Apesar de ser possível comprar imóveis a preço de 2012, até de 2010 (quem precisa vender baixa), não é difícil achar pedidas de R$ 20.000 o metro quadrado para venda, num mesmo imóvel que se aluga por 40 a 50 reais o metro quadrado, algo como 0,2% e 0,25% ao mês (líquido de IR e custos, algo como 0,14% e 0,17%).

E os imóveis, quase todos, são bem ruins, sem infraestrutura de lazer, garagens precárias e prédios bem antigos e sem modernização.

Comparação com São Paulo

Como todo bom carioca, nascido e criado em Ipanema, numa época bem diferente da de hoje, nunca concebi que São Paulo pudesse competir com o Rio em termos de qualidade de vida.

Mas mudei de opinião nos últimos 15 anos. Aliás, antes nem era uma opinião, era só bairrismo mesmo.

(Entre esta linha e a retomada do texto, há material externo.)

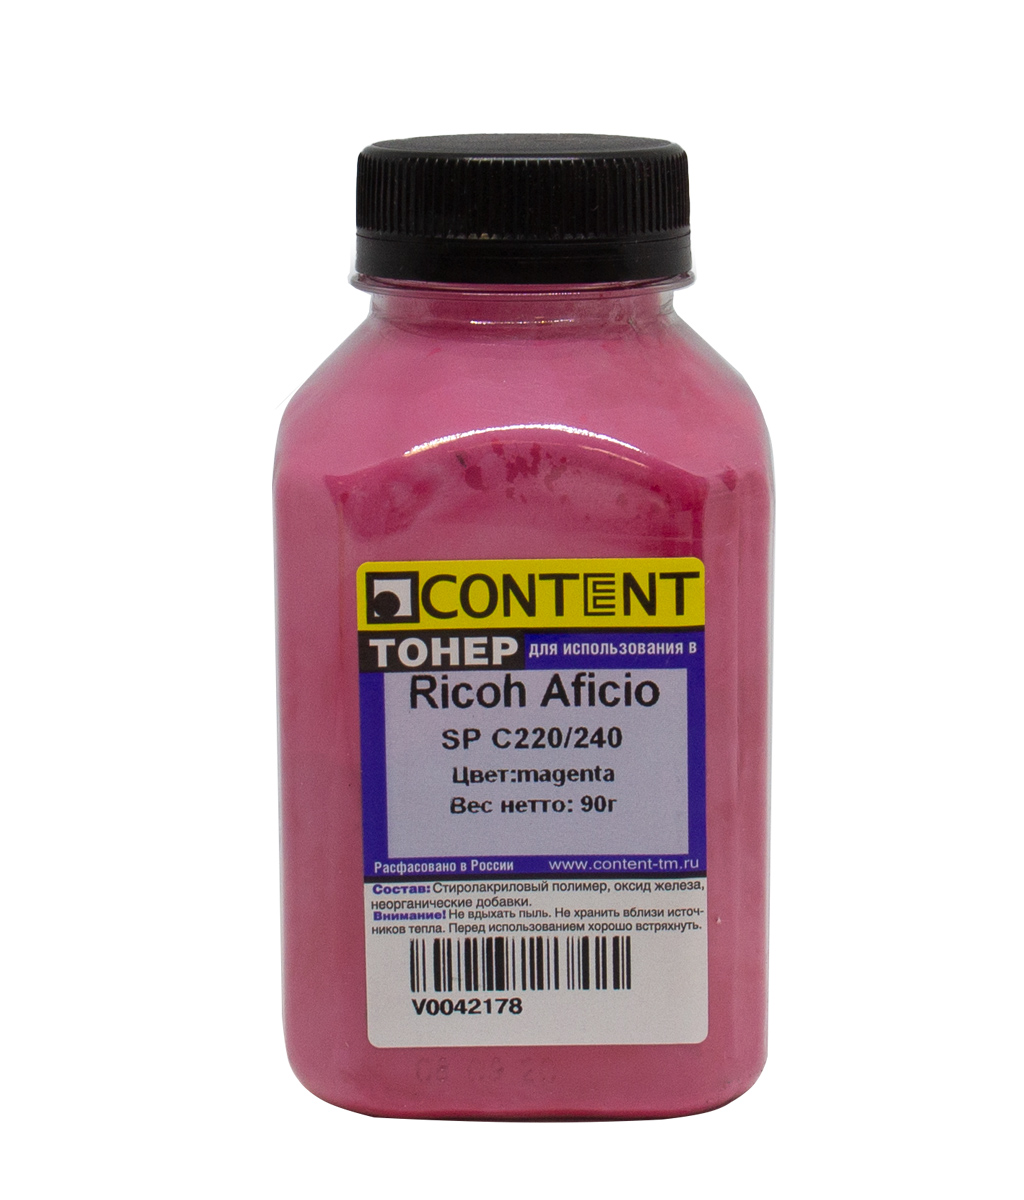 Тонер Content, бутыль 90 г, пурпурный, совместимый для Ricoh 407644/407545 Aficio SP C220N/221N/222DN/240DN/240SF/250DN/260DN/261DNw (V0042178)

Frequentei bastante a região dos Jardins, Moema, Paraíso, Vilas etc., a partir de 2003 por força do trabalho, e continuo, pois a família da minha mulher é dessa região.

Viajei também por uns 20 estados brasileiros, sempre para as regiões nobres, e para mais de 10 países na América do Norte e Europa.

Com tantas viagens, ficando em bons hotéis e regiões prestigiadas, percebi que São Paulo, em termos de estrutura de lazer, bares, comércio sofisticado etc., não tem comparação com nenhum lugar do Brasil. O Rio com certeza vem na segunda posição, mas com não mais que 15% da oferta de São Paulo. Não estaria errado de dizer que apenas o distrito de Moema tem mais ofertas de serviços sofisticados do que todo o Rio de Janeiro.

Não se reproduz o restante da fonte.